続・政略結婚は純愛のように
山辺と天川がくすくすと笑うのを不思議そうに見つめながら由梨は言った。
 忘年会の課の組み合わせに何か意味があるなんて思ってもみなかった。
 けれどよく考えてみれば、あの頃の由梨は何に対しても興味を持っていなかったように思う。

「忘年会は、他の課の人と親しくなる一年に一度のチャンスだからね。営業部の社員の中には今年こそは秘書課と組みたいと思っていた人が多いはずよ。"秘書課の天使"とお近づきになるために…。」

由梨は、まさか!と声をあげる。
 自分が"秘書課の天使"などと呼ばれていたことも信じられないけれど、そんなふうに言われていたなんてもっと信じられない。

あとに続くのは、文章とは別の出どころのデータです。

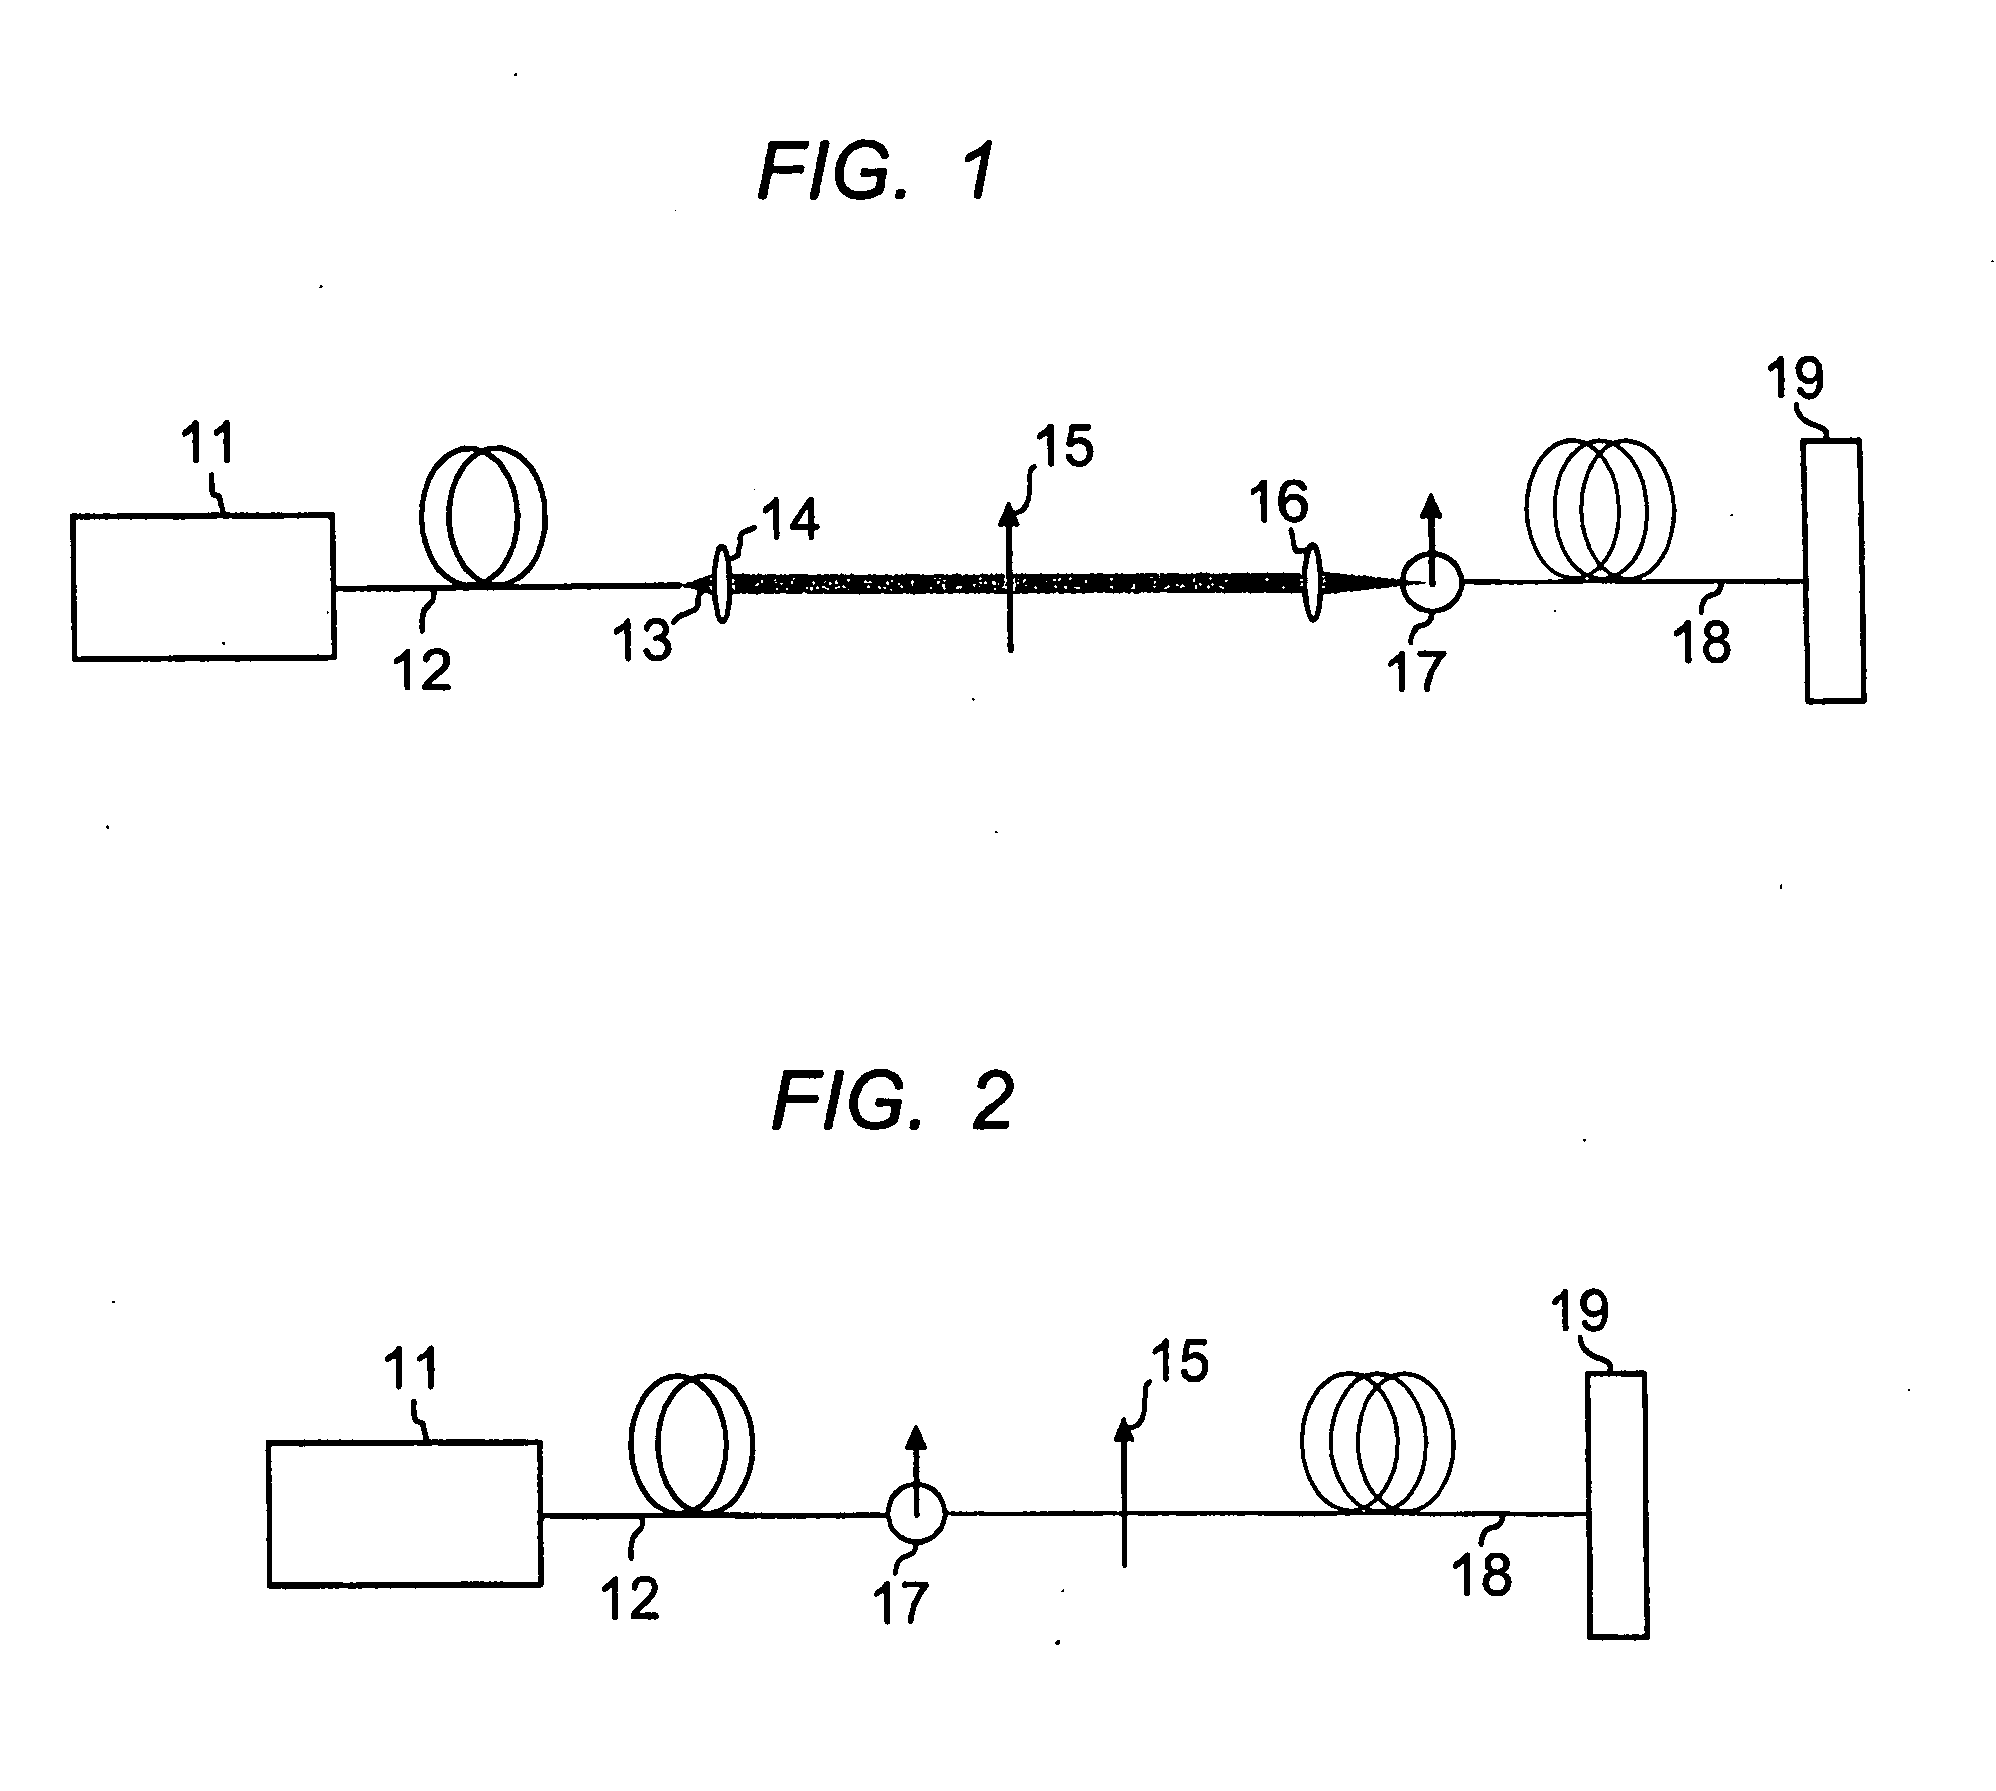 Measuring modal content of multi-moded fibers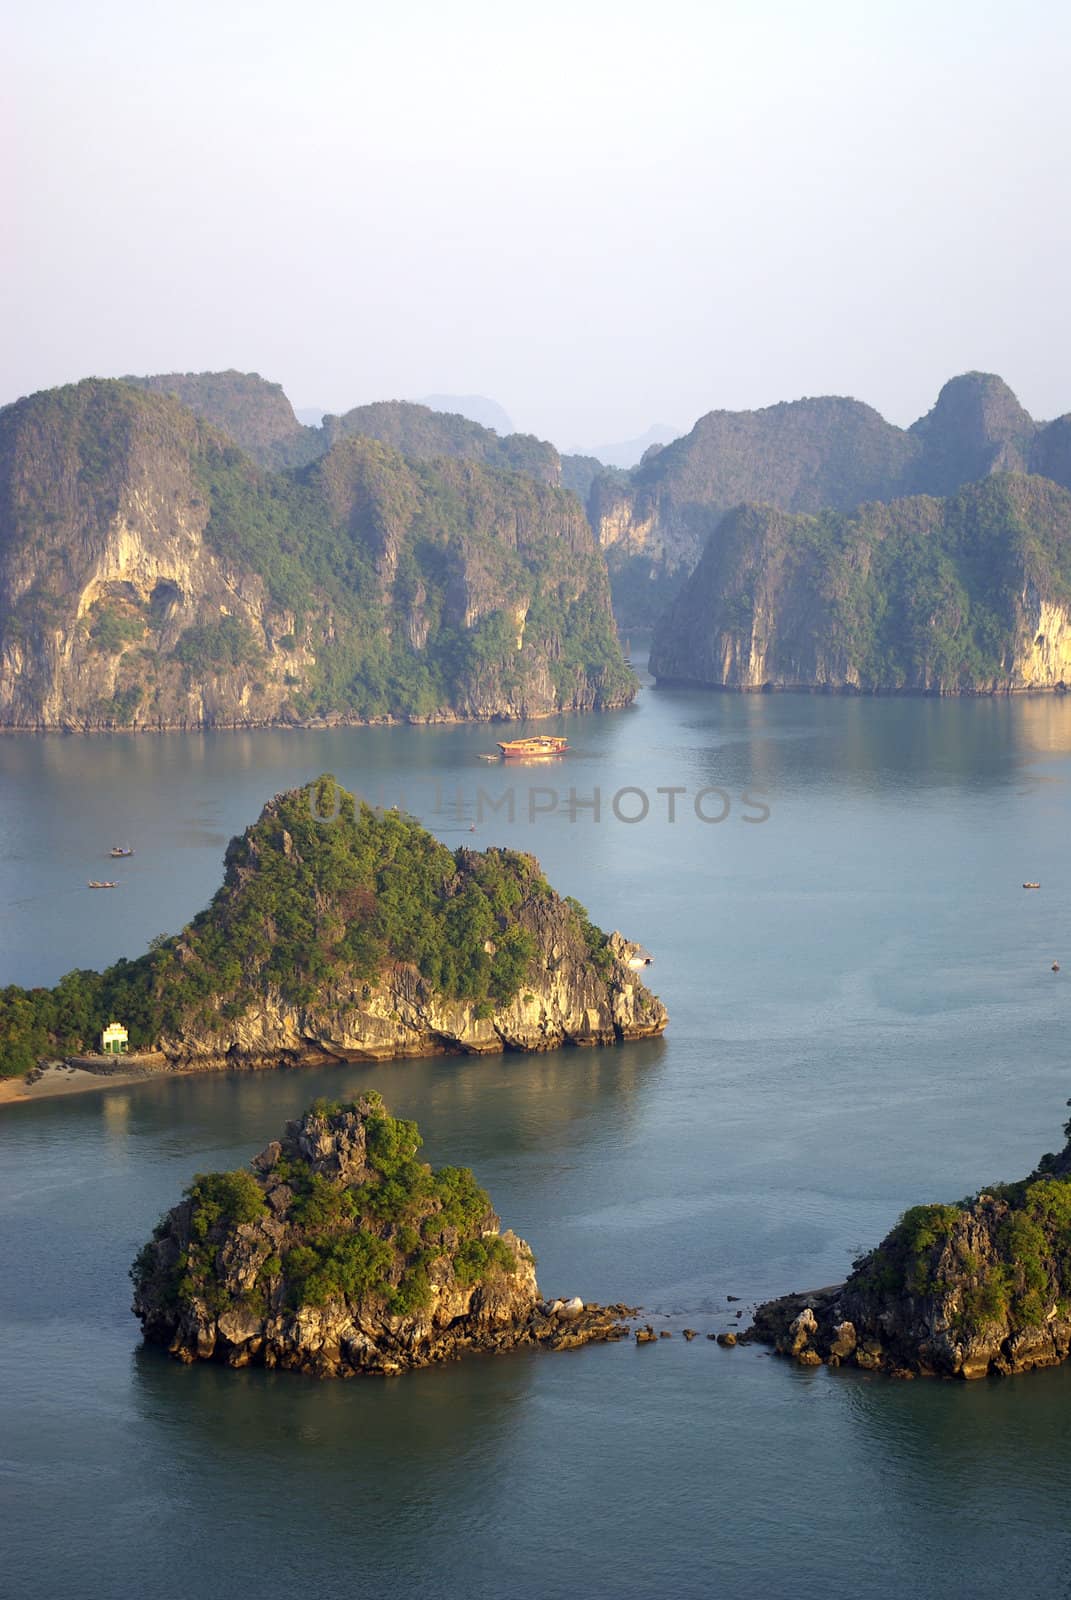 This is a beautiful view of Halong bay in Vietnam at the end of afternoon

「企画課の男性陣も毎年嘆いていましたよ。また、今年も外れたぁーって。社長と今井さんが結婚したときは、社長の陰謀説が流れましたよね。やっぱりあれは今井さんを男性社員から守るための…。」

「そ、そ、そんなことあるはずないじゃないですか!」

思わず由梨は大きな声で反論してしまう。

「く、く、くじ引きかなんかですよっ!絶対っ!」

由梨は耳まで赤くして主張する。
 けれど目の前の二人はニヤニヤとするばかりである。

「いや、社長の陰謀だろう。」

突然きっぱりと言い切る声が聞こえて、三人は少しびっくりして黒瀬の席を見た。
 黒瀬が自ら雑談に入ってくるのは非常に珍しいことだが、内容が会社のゴシップ的なことなら尚更だ。